Instructions to follow | With the pictures left out, copy the listing below exactly.

Dataset content |
[Start of section]

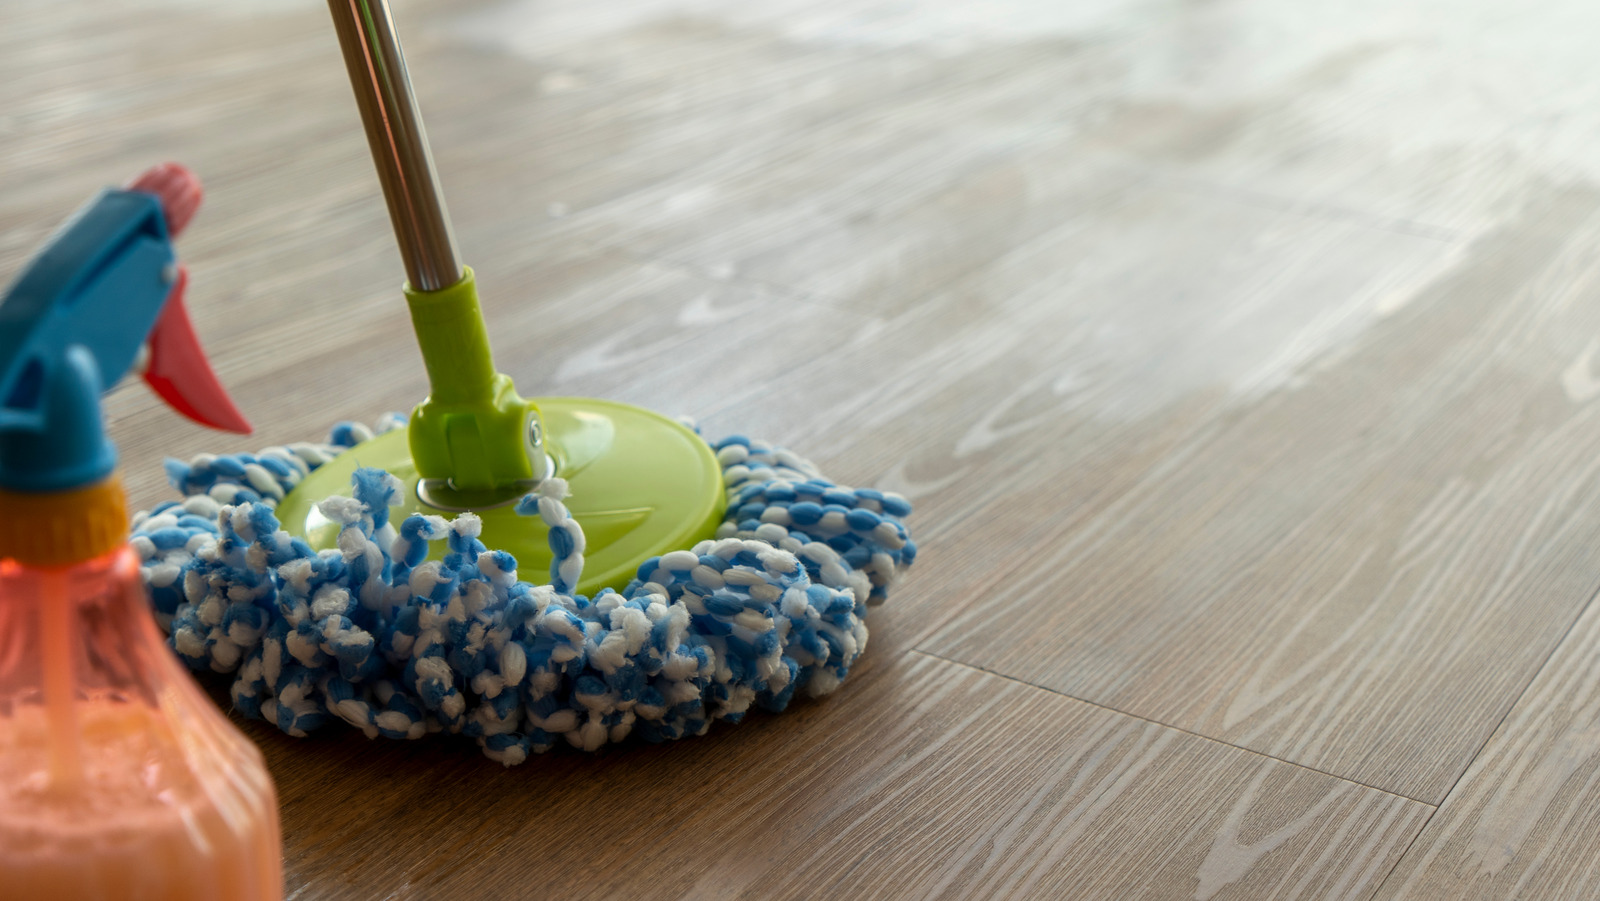 8 Easiest Ways To Clean Vinyl Floors, Home Remedies For Cleaning Vinyl Floors
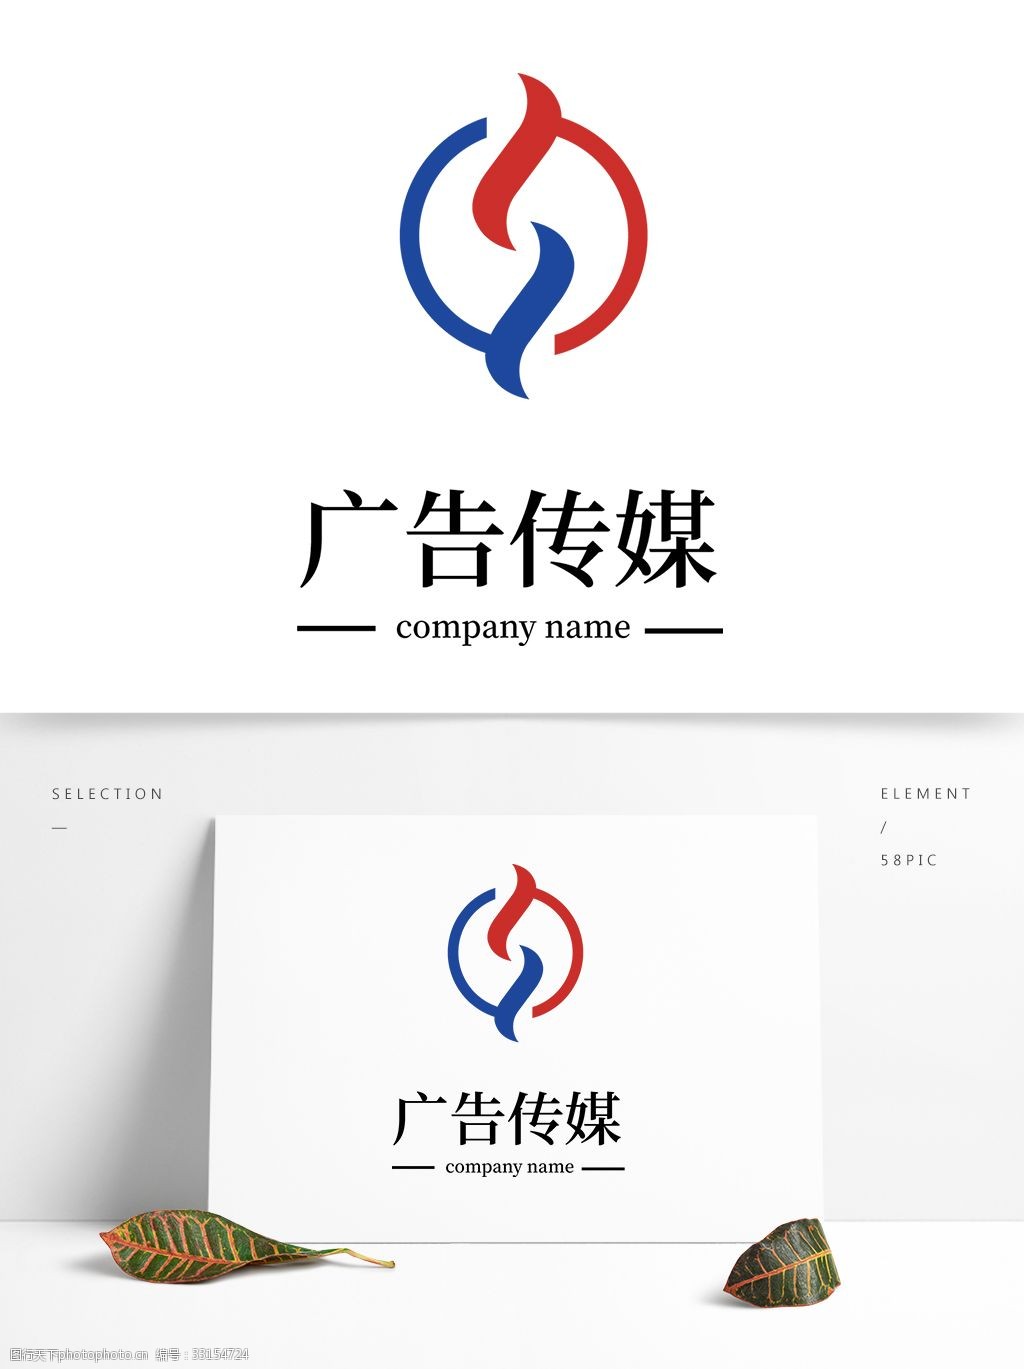 广告传媒创意图形logo设计
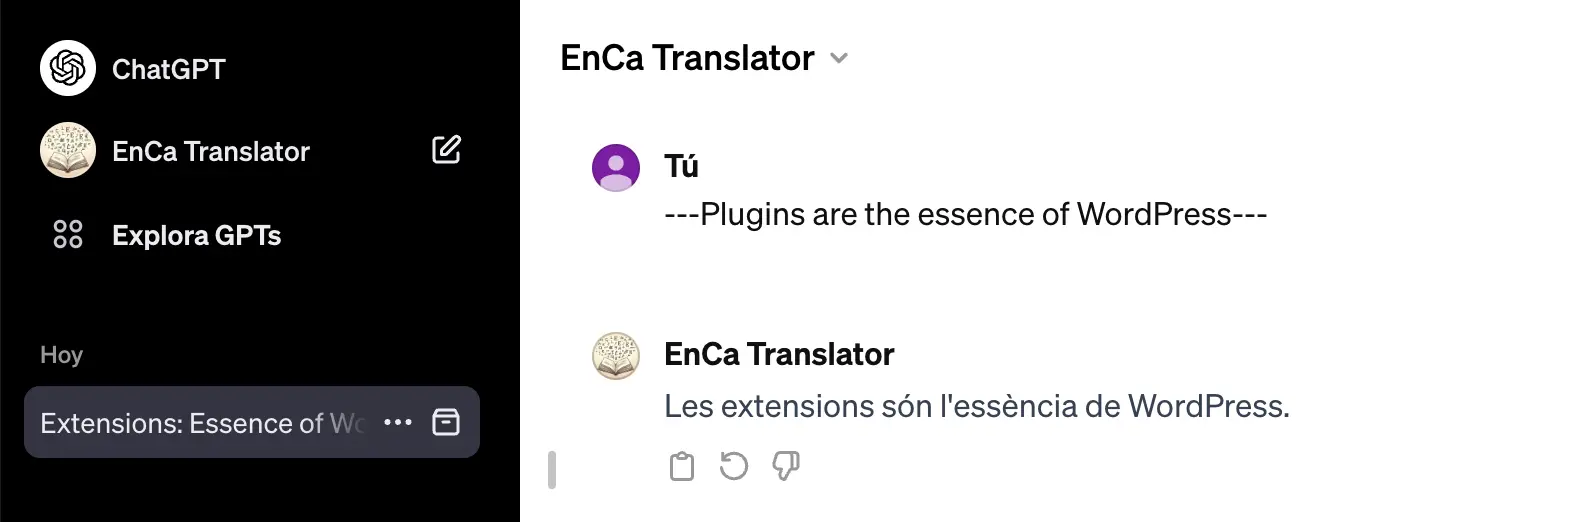 ChatGPT Assistant translator exemple traducció

[End of section]

Expected answer |
 8 Easiest Ways To Clean Vinyl Floors, Home Remedies For Cleaning Vinyl Floors
 广告传媒创意图形logo设计
 ChatGPT Assistant translator exemple traducció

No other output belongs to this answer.